(Beginning of Source material)

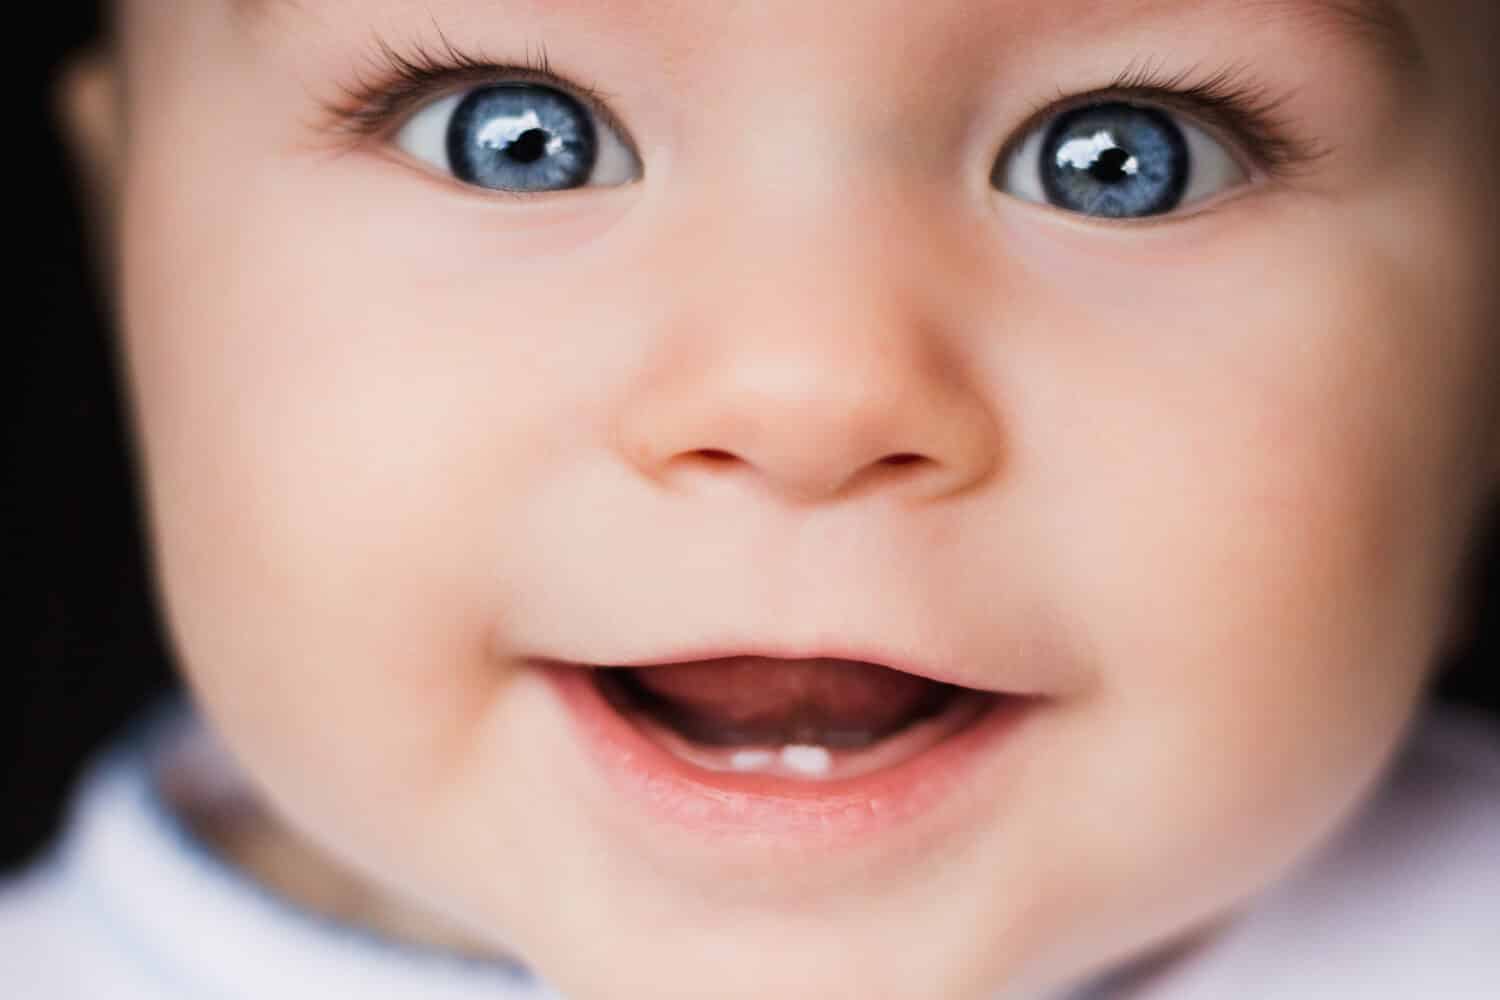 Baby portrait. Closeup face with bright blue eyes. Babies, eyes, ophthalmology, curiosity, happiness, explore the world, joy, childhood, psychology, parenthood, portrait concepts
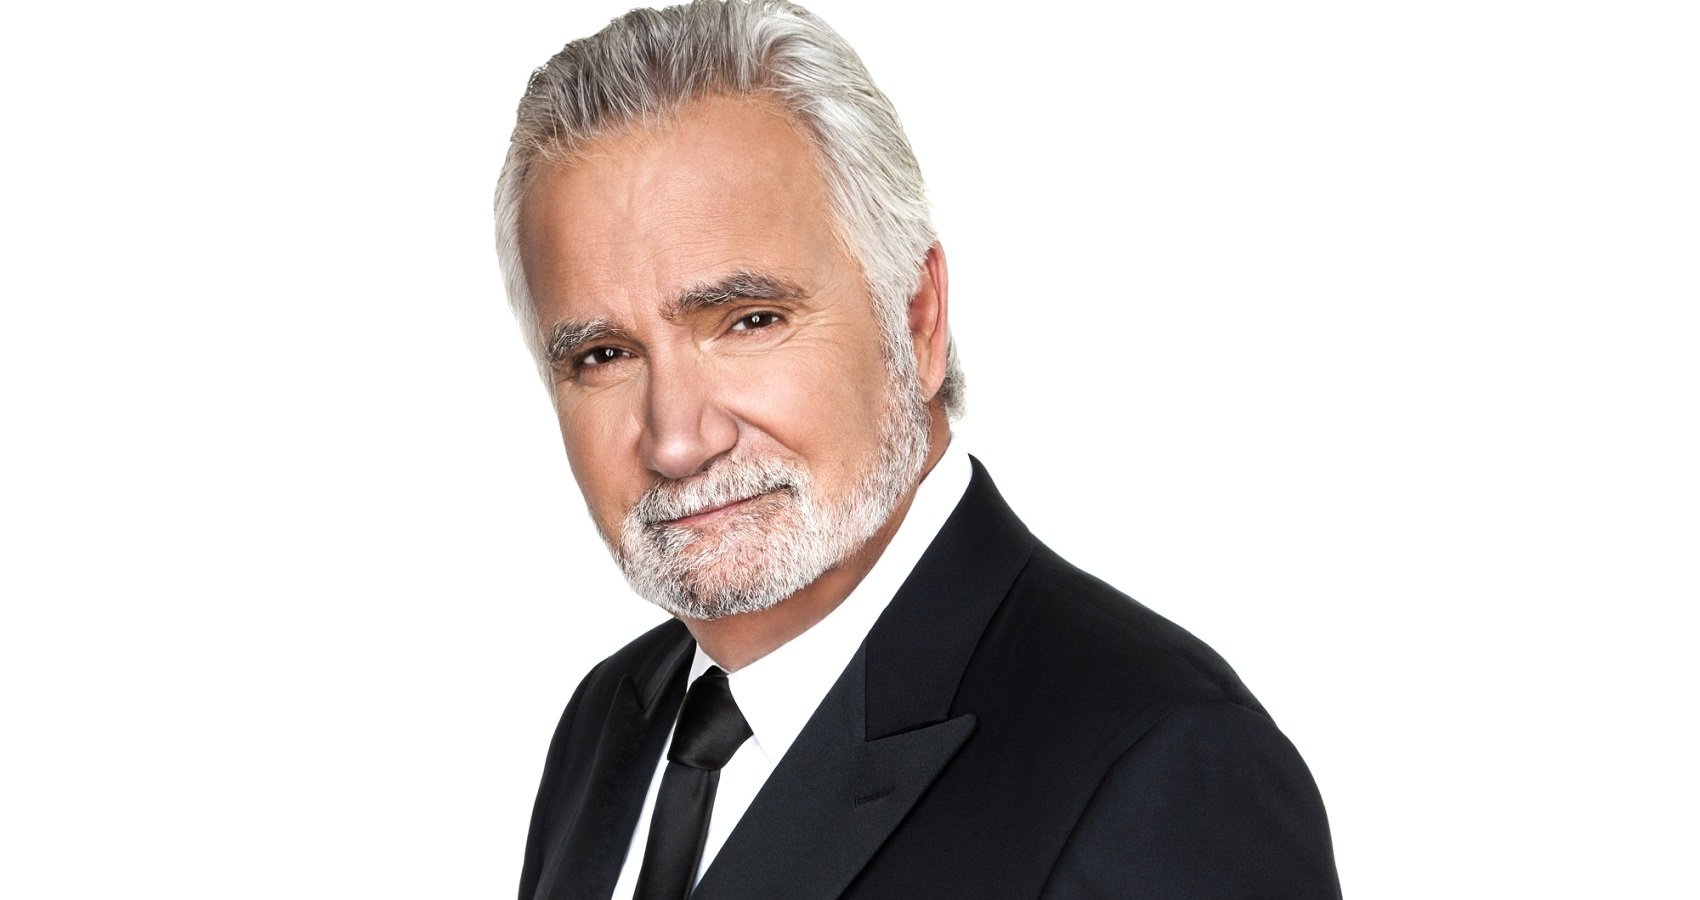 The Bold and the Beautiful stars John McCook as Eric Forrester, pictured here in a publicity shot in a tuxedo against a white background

(End of Source material)
(Beginning of Source material)

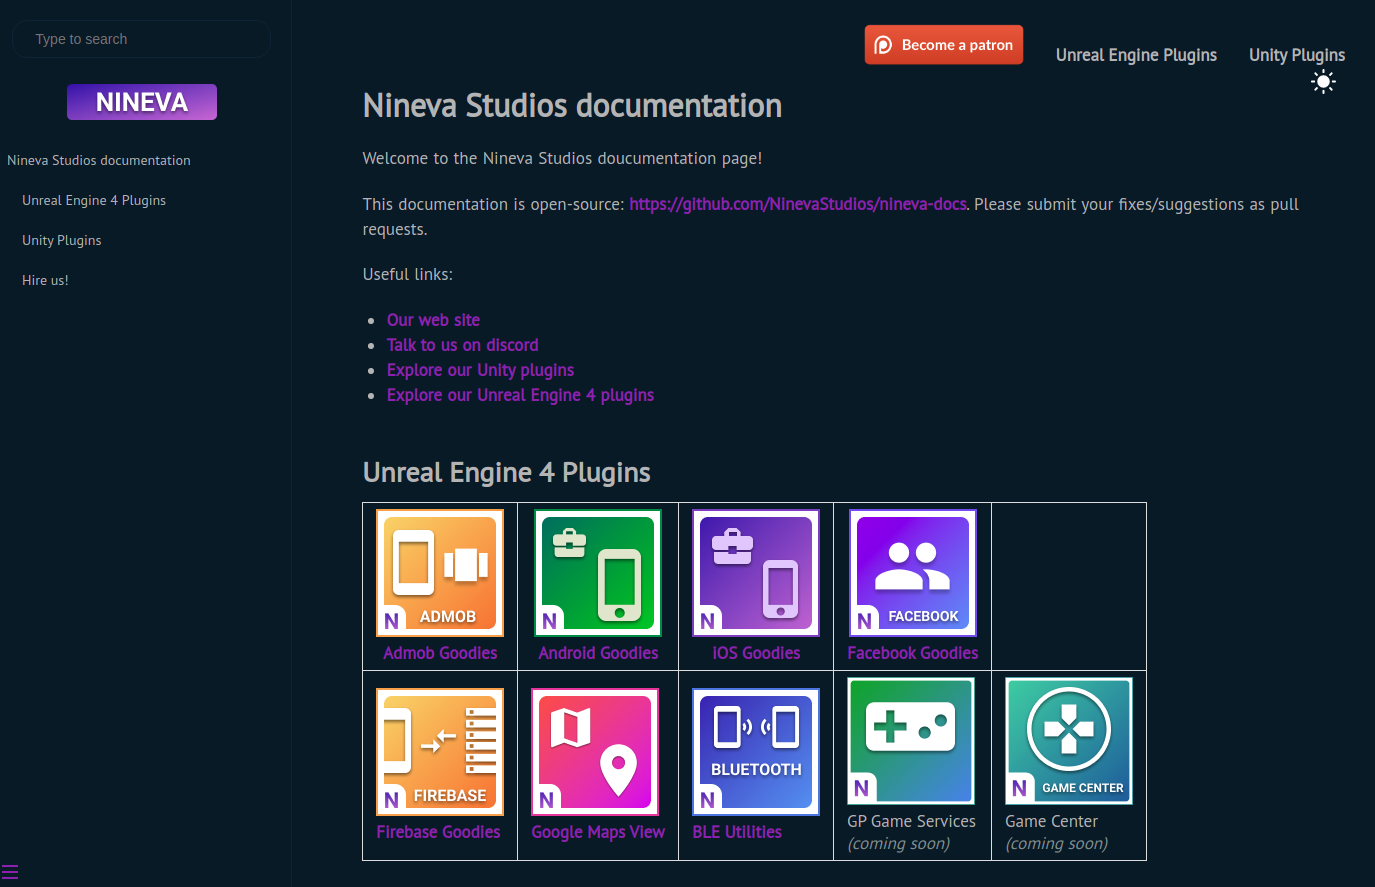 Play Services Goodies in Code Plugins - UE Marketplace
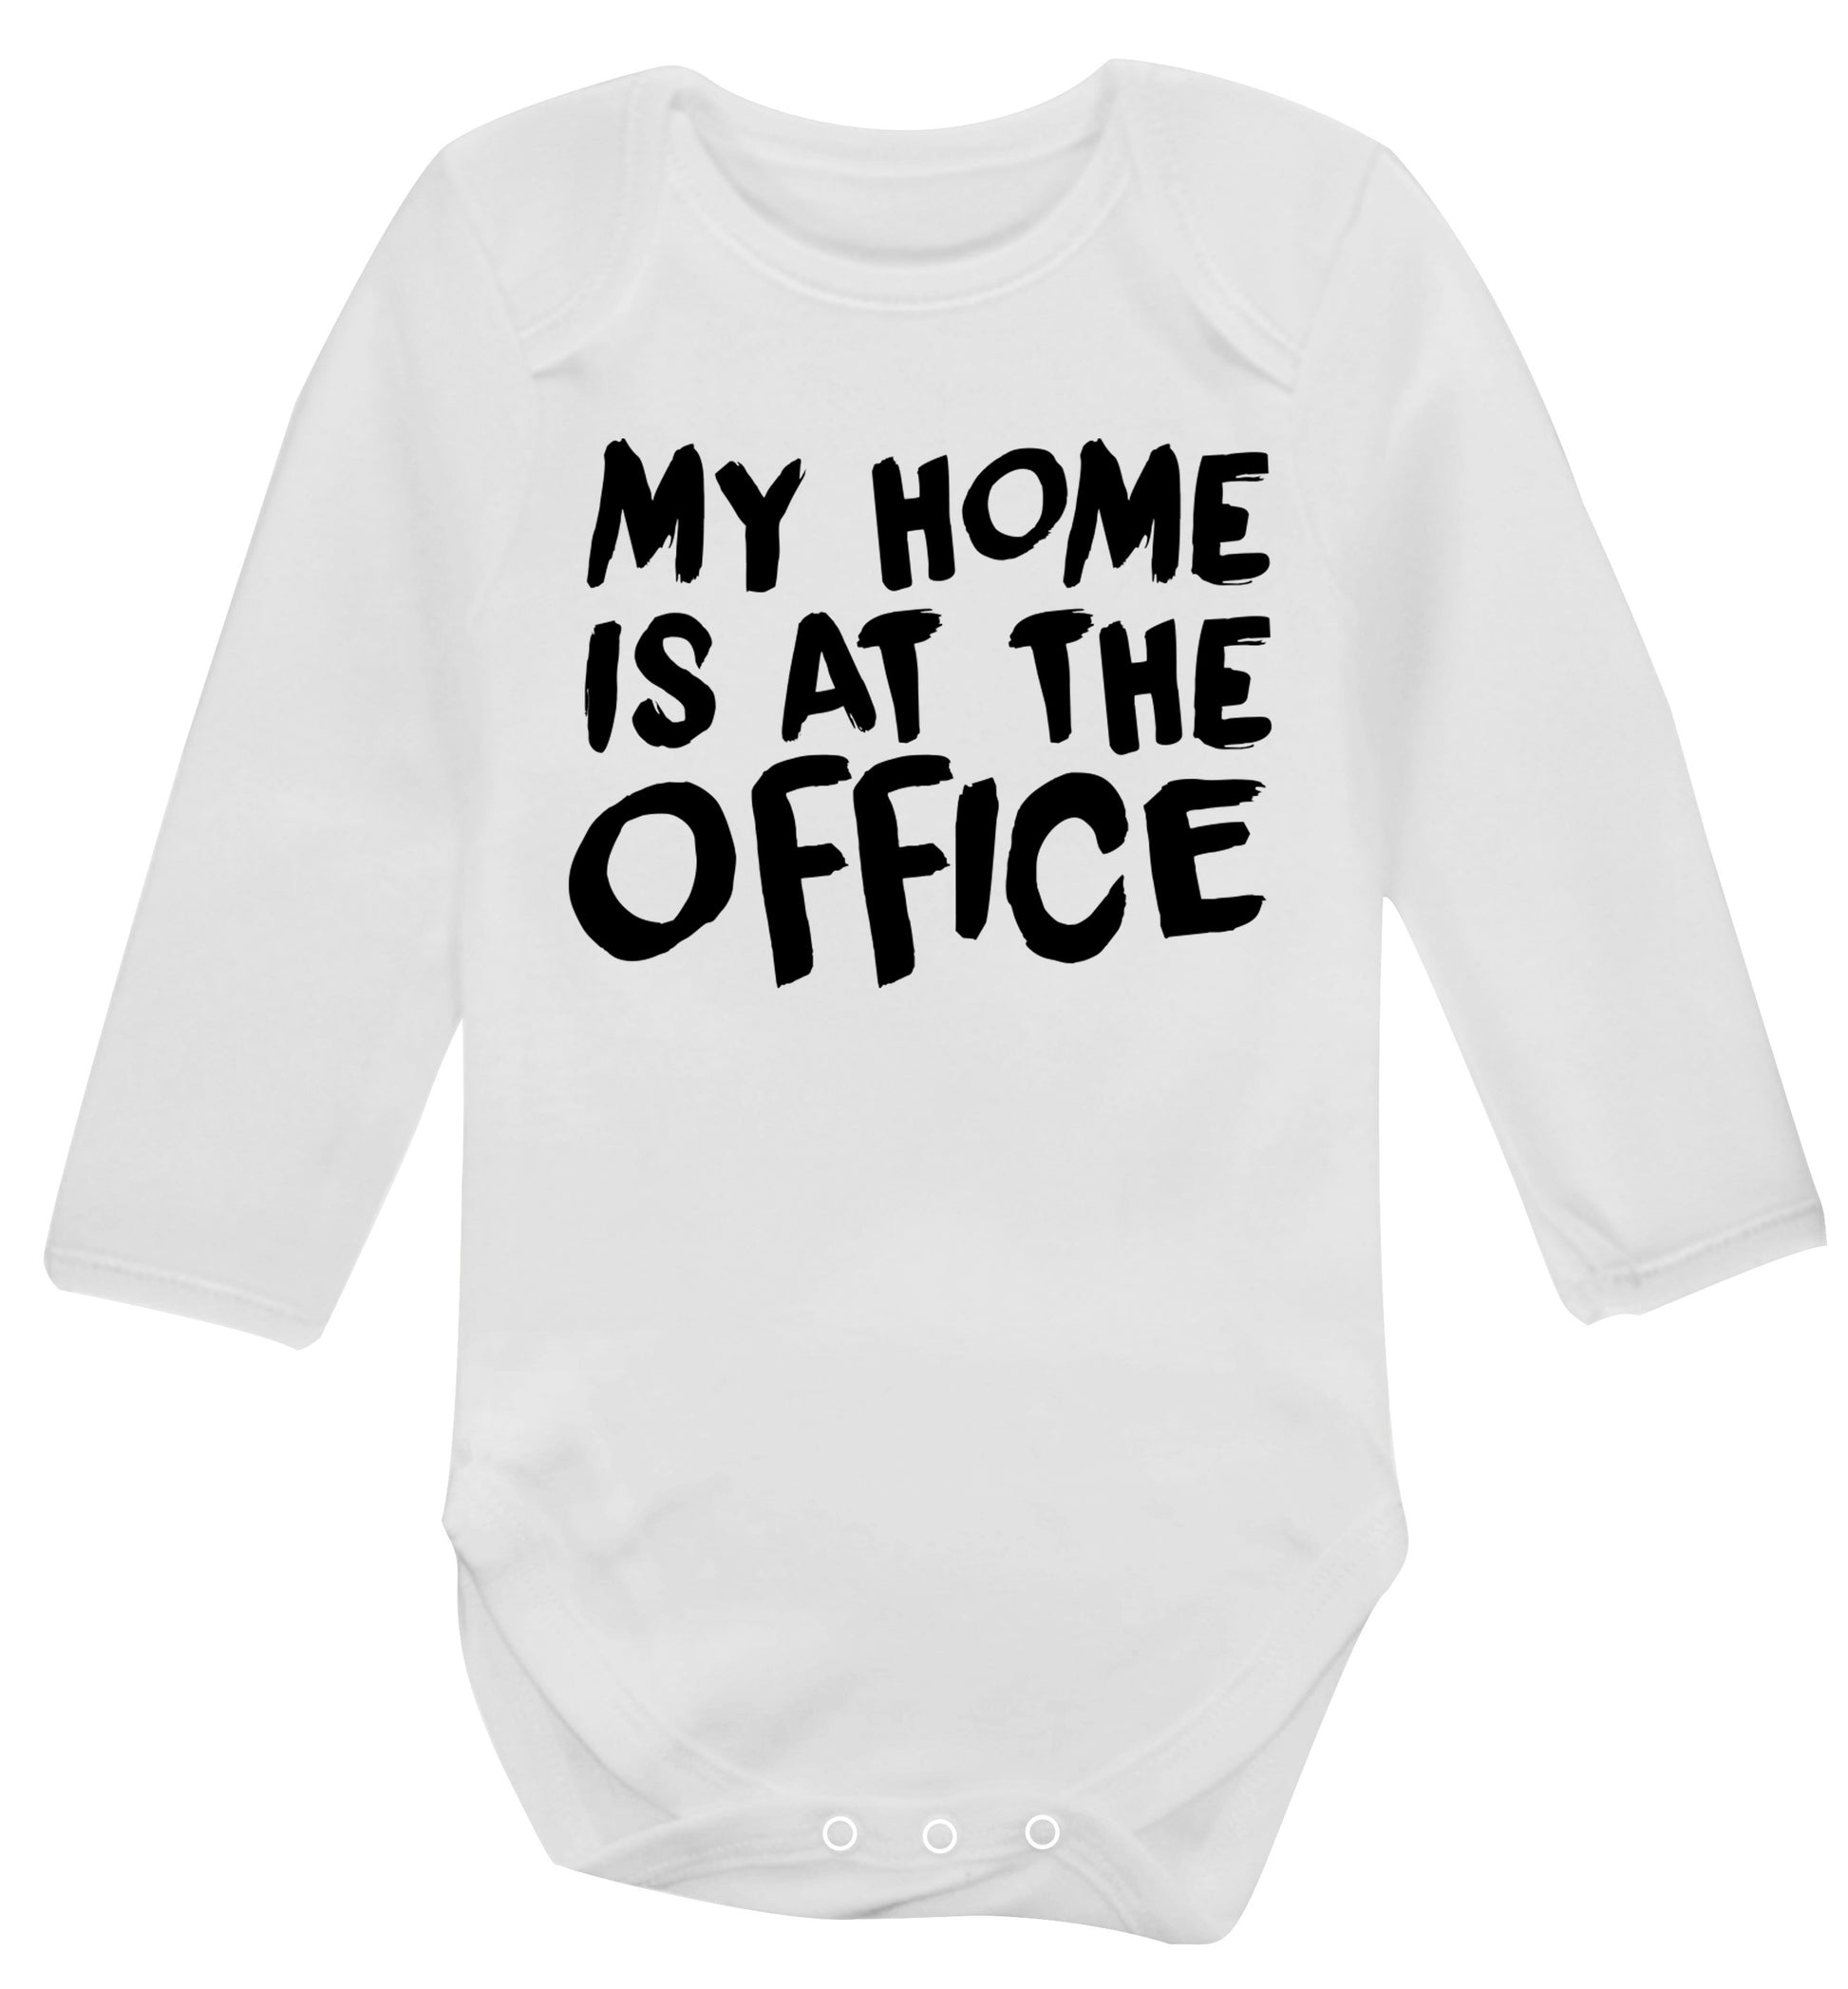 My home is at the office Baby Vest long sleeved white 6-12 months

(End of Source material)

Directions =>
What is needed is an exact copy of the lines above, from the one holding "Baby portrait. Closeup" down to the one holding "The Bold and", with those two included and the pictures left out.

Exercise answer =>
 Baby portrait. Closeup face with bright blue eyes. Babies, eyes, ophthalmology, curiosity, happiness, explore the world, joy, childhood, psychology, parenthood, portrait concepts
 The Bold and the Beautiful stars John McCook as Eric Forrester, pictured here in a publicity shot in a tuxedo against a white background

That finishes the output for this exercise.